Psychische en sociale problemen kennen ook veel interpretatieverschillen bij artsen onderling en tussen artsen en patiënten. Dit heeft een aantal verschillende oorzaken:
Artsen hebben een verschillende visie op het belastings- en belastbaarheidscomponent.
Er kunnen verschillende visies zijn over de achtergrond van somatisch onverklaarbare aandoeningen. Een patiënt moet zelf wel van mening zijn dat de oorzaak van zijn klachten een psychische of sociale oorzaak kunnen hebben voordat het zin heeft om naar hulpverleners op dat gebied door te sturen.
Er zijn een aantal punten van aandacht bij het benaderen van lichamelijke klachten en hun verband met psychische stoornissen:
Wanneer er somatisch niets te vinden is, wil dat niet direct zeggen dat er een psychische aandoening ten grondslag ligt aan de klachten.
Wanneer er sprake is van vage klachten wil dat niet direct zeggen dat er een psychische aandoening aan ten grondslag ligt.

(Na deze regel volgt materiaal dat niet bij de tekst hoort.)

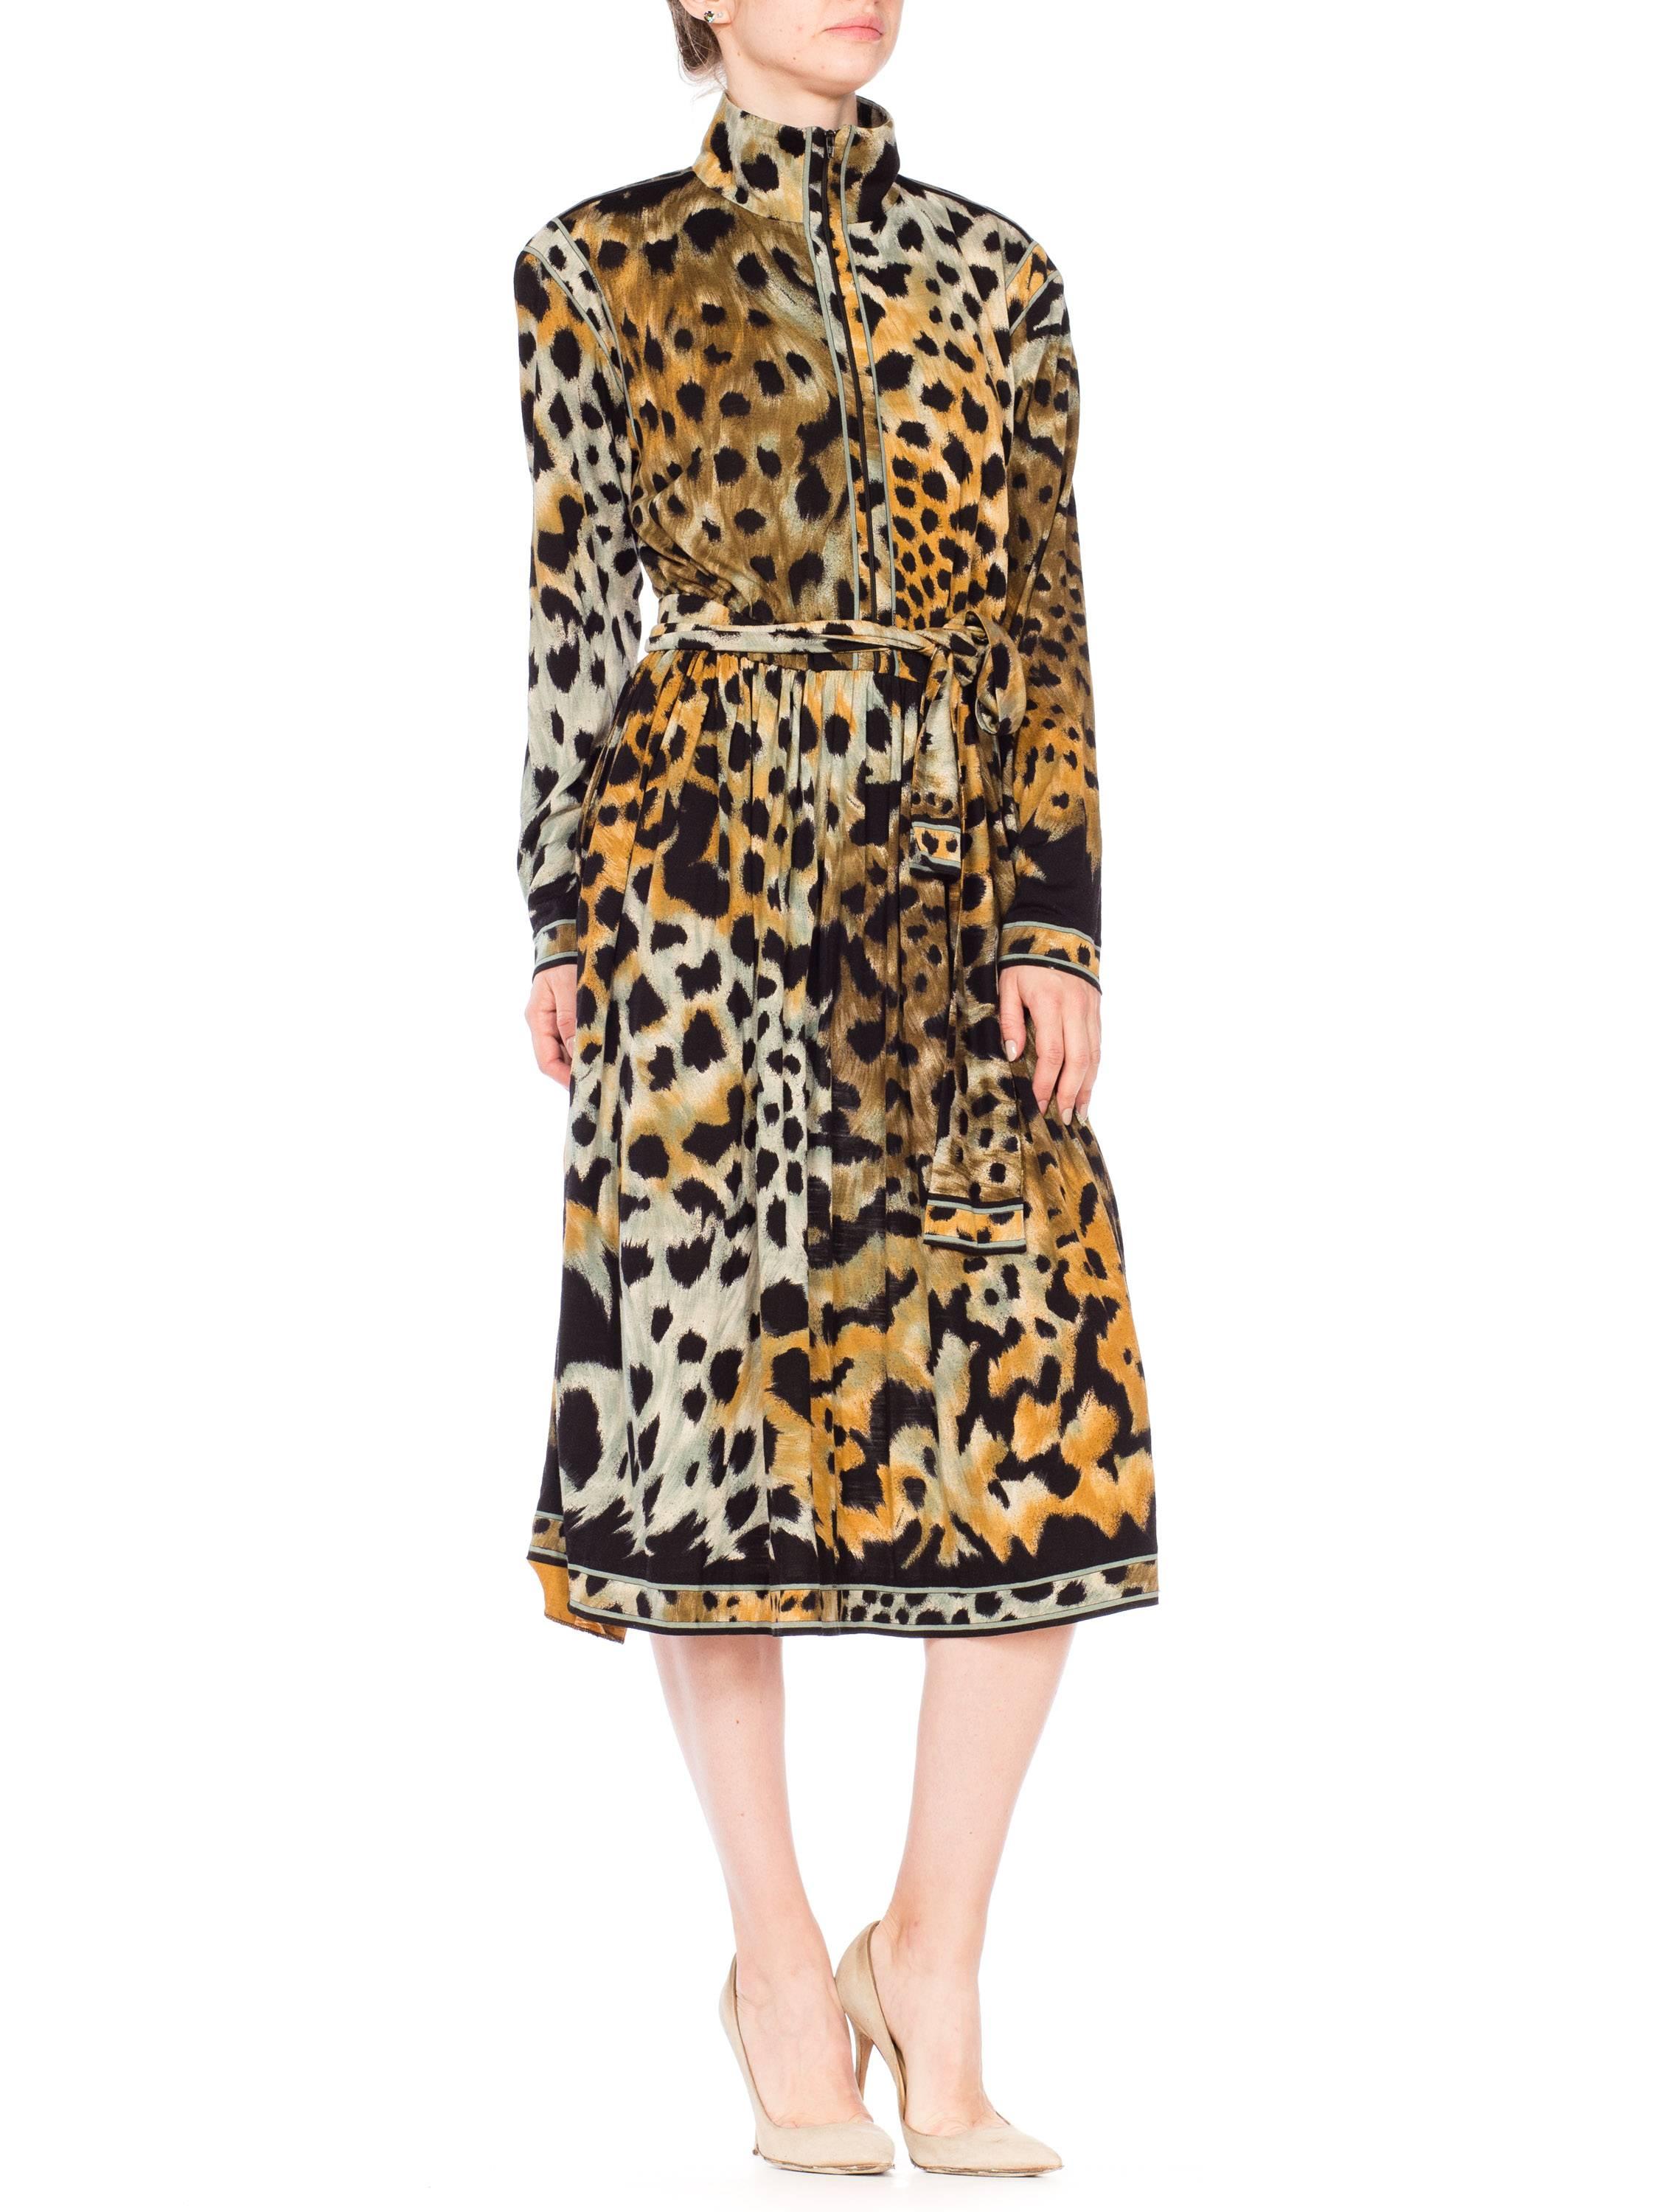 Women's Leopard Print Leonard French Jersey Dress

Wanneer er sprake is van een combinatie van onbegrepen lichamelijke klachten en een psychische stoornis, dan wil dat nog niet zeggen dat er een causaal verband is tussen die twee problemen.
Bij de diagnostiek van complexe problemen is het van belangde verschillende aspecten op somatisch, psychisch en sociaal gebied apart te benoemen en dan te bekijken hoe deze samenhangen bij de patiënt op dit moment.

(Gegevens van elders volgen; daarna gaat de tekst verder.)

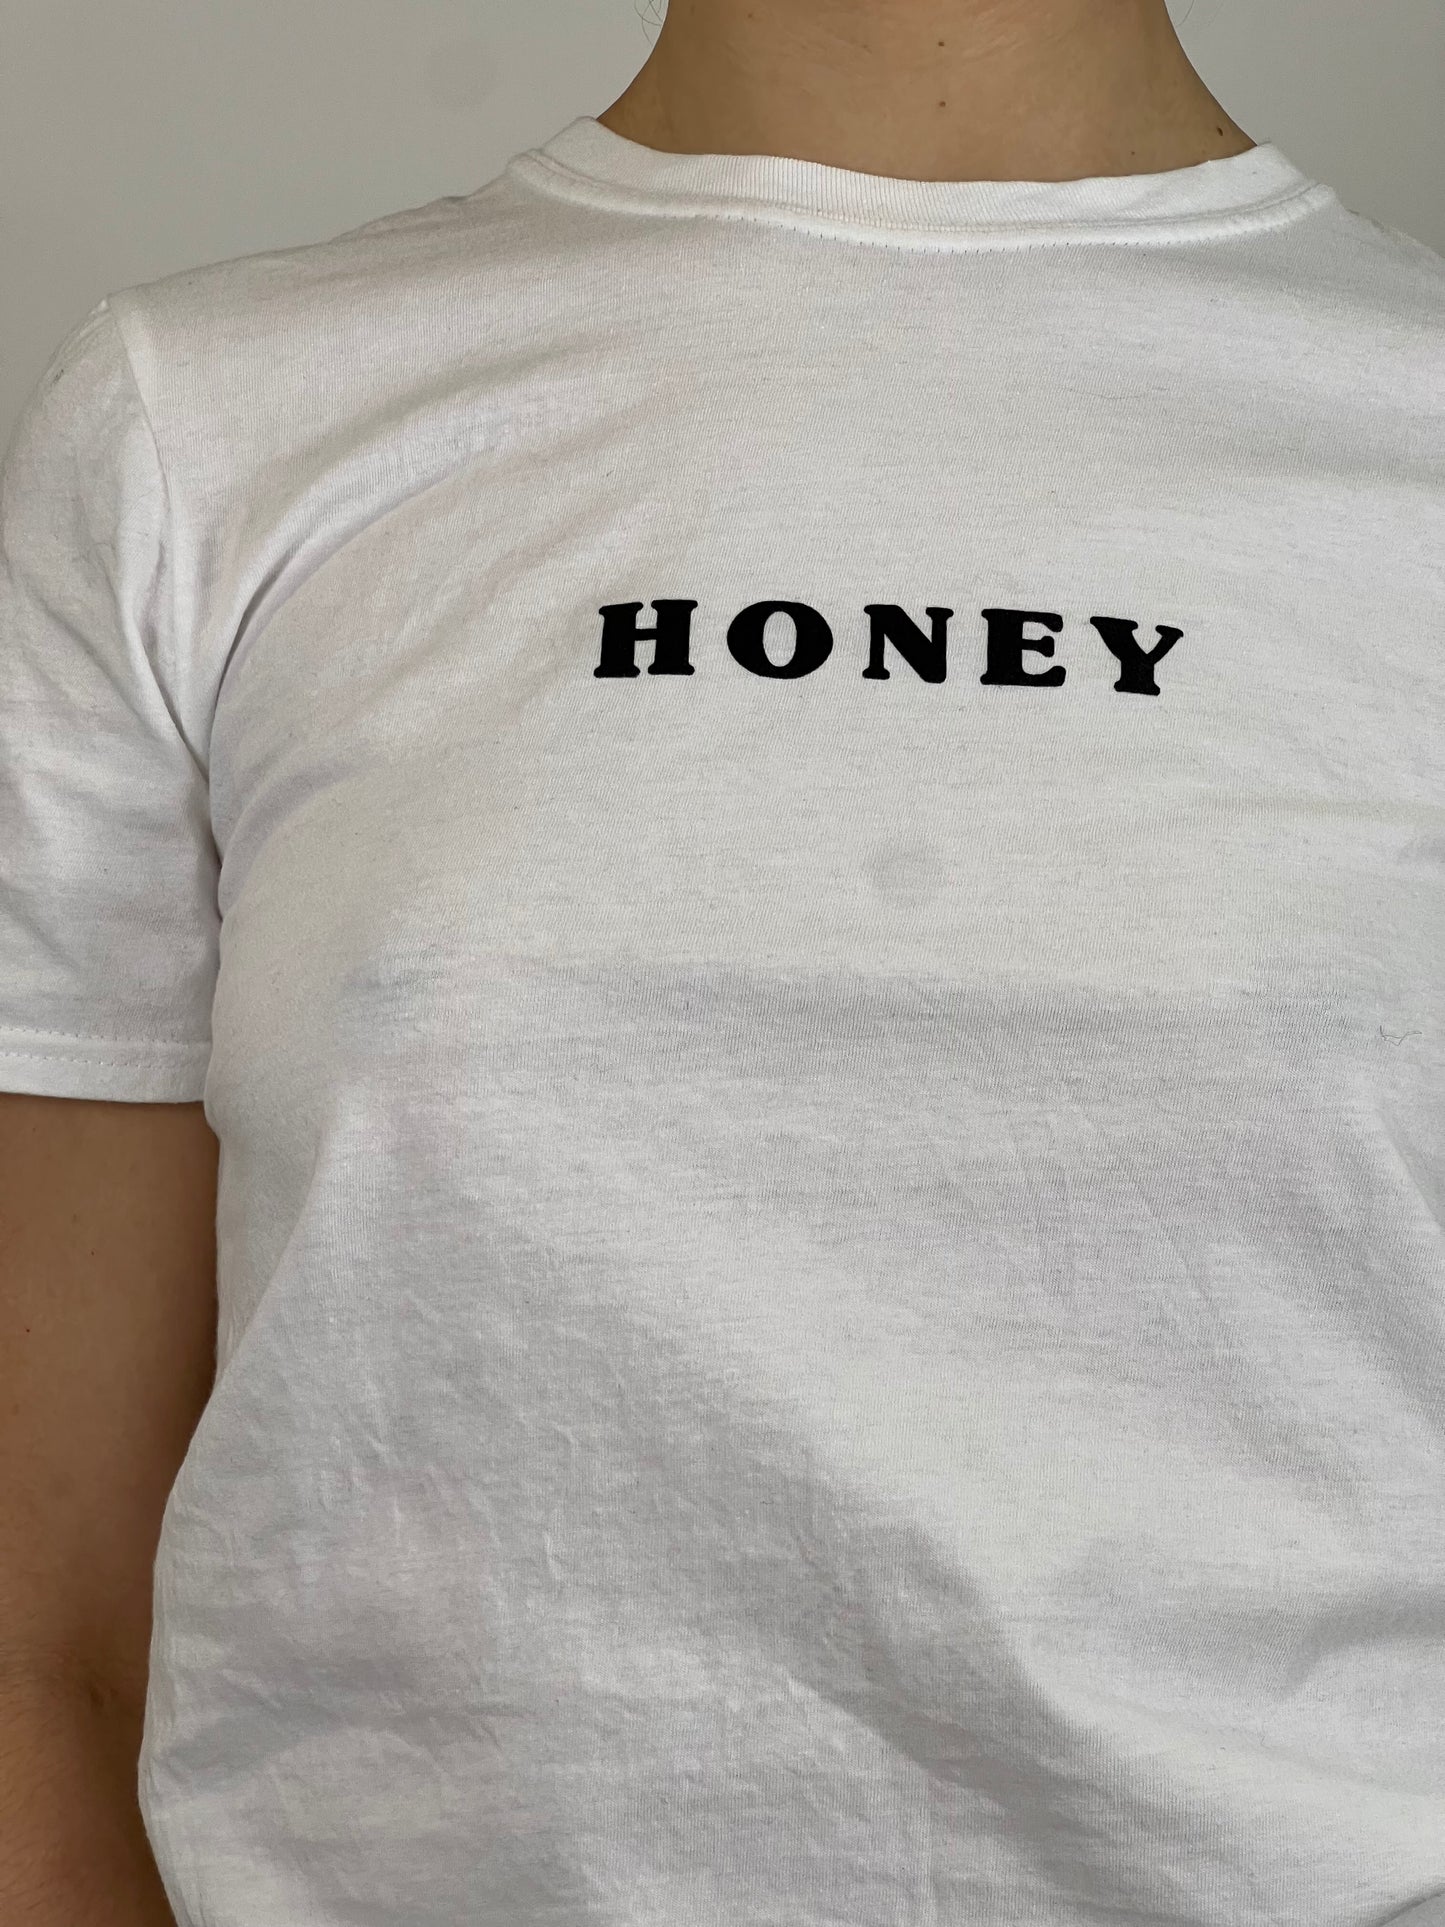 White "Honey" Tee

Wanneer er sprake is van maximale zekerheid dan voldoet een diagnose aan de “gouden standaard”. Bij sommige aandoeningen ontbreekt een gouden standaard, maar maximale zekerheid is gelukkig niet altijd nodig. Bij ernstige klachten is het belangrijk dat je zeker weet wat er aan de hand is, en daarom moet maximale zekerheid nagestreefd worden. Ook de consequenties van de verwachte diagnose bepalen in hoeverre je zeker moet zijn van de diagnose. Zijn de consequenties ernstig, dan is zekerheid vereist. Daarnaast moet gelet worden welk nadeel de verdere diagnostiek aanbrengt bij de patiënt. De nadelen moeten niet groter zijn dan de eventuele voordelen van de diagnostiek. Ook de patiënten zelf spelen een belangrijke rol in de mate van hoe zeker een diagnose moet zijn. Een angstige patiënt eist meer zekerheid van de diagnose.
Een huisarts zal onderscheid moeten maken tussen veel onschuldige aandoeningen en een paar ernstige aandoeningen terwijl een specialist met zekerheid een ernstige aandoening, waarvoor een patiënt is verwezen, moet bevestigen of uitsluiten.

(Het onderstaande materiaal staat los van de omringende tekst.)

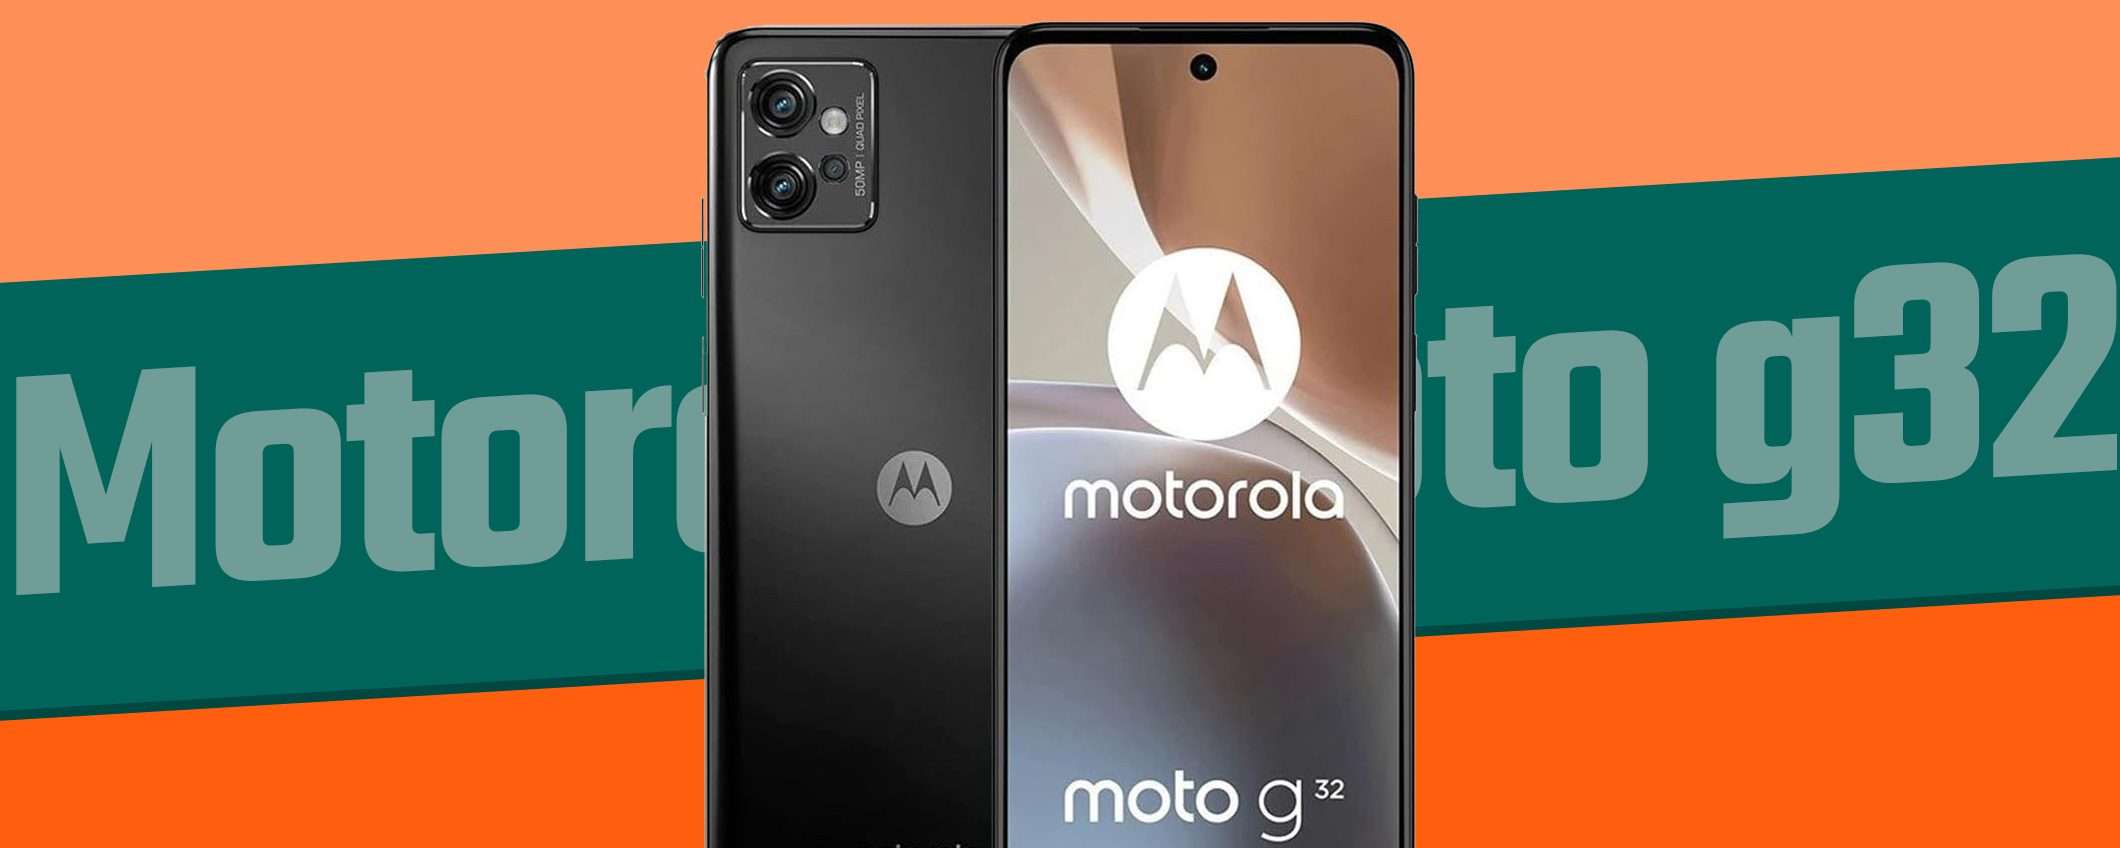 Motorola moto g32: OCCASIONE a 98€ del Black Friday

Bij diagnose tussen artsen onderling worden verschillende termen gebruikt zoals: waarschijnlijkheidsdiagnose, werkhypothese en voorlopige diagnose.
Wanneer verschillende diagnoses tegelijkertijd voorkomen is er sprake van co-morbiditeit. Vaak is de combinatie van de aandoeningen van belang voor het beleid bij de patiënt. De behandeling van één aandoening kan bijvoorbeeld leiden tot een verergering van de andere aandoening. Het kan ook zijn dat de ene aandoening de oorzaak is van de andere aandoening of dat de aandoeningen elkaar versterken.
Het is voor gezondheidszorgbeleid, onderwijs en medisch handelen enorm van belang dat de prevalentie en de incidentie van aandoeningen bekend zijn. De prevalentie is het percentage van een bepaalde populatie dat op een bepaald moment lijdt aan de aandoening. Hierbij is puntprevalentie de prevalentie op een bepaald tijdstip. De periodieke prevalentie is de prevalentie in een bepaalde periode. Life-time prevalentie is de het gedeelte van de populatie dat op een moment in hun leven de aandoening krijgt. Prevalentiecijfers kunnen erg beïnvloed worden door de ziekteduur. Prevalentiecijfers zijn uiteraard ook gelijk aan de a-priorikansen van een aandoening voor er testen zijn gedaan. De incidentie is het percentage van een populatie dat in een bepaalde periode een ziekte krijgt.
In de huisartsenpraktijk zijn gegevens over de ziekte-episode van belang. Dit is de periode tussen wanneer de patiënt de klachten voor het eerst presenteert tot het moment dat er geen hulp meer gevraagd wordt voor die klacht. Zo ontstaat inzicht in het verloop van de klachten en de invloed van eventuele interventies op de klachten.
Bij het gebruik van de gegevens moet wel gelet worden voor welke populatie ze gelden en wanneer, waar en waarom de gegevens verzameld zijn.
Doordat er veel gebrek is aan een wetenschappelijke onderbouwing van veel geneeskundig handelen kan er interdoktervariatie ontstaan. Verder zijn er factoren die gebonden zijn aan de ziekte zelf, de interpretatie van de arts, culturele invloeden, inbreng van de patiënt of een moeilijke reproduceerbaarheid van onderzoeken die zorgen voor interdoktervariatie.
Klachtenpatronen die niet goed te objectiveren zijn hebben een grotere interdoktervariatie dan andere klachten. Etiologische en pathofysiologische diagnoses hebben daardoor ook een minder grote interdoktervariatie dan syndroom- en symptoomdiagnoses. Psychische problemen hebben ook een grote interdoktervariatie. Ook is het zo dat, doordat ziekten tijd nodig hebben om zich te ontwikkelen, diagnoses die vroeg worden gesteld een hogere interdoktervariatie hebben dan diagnoses die later gesteld worden.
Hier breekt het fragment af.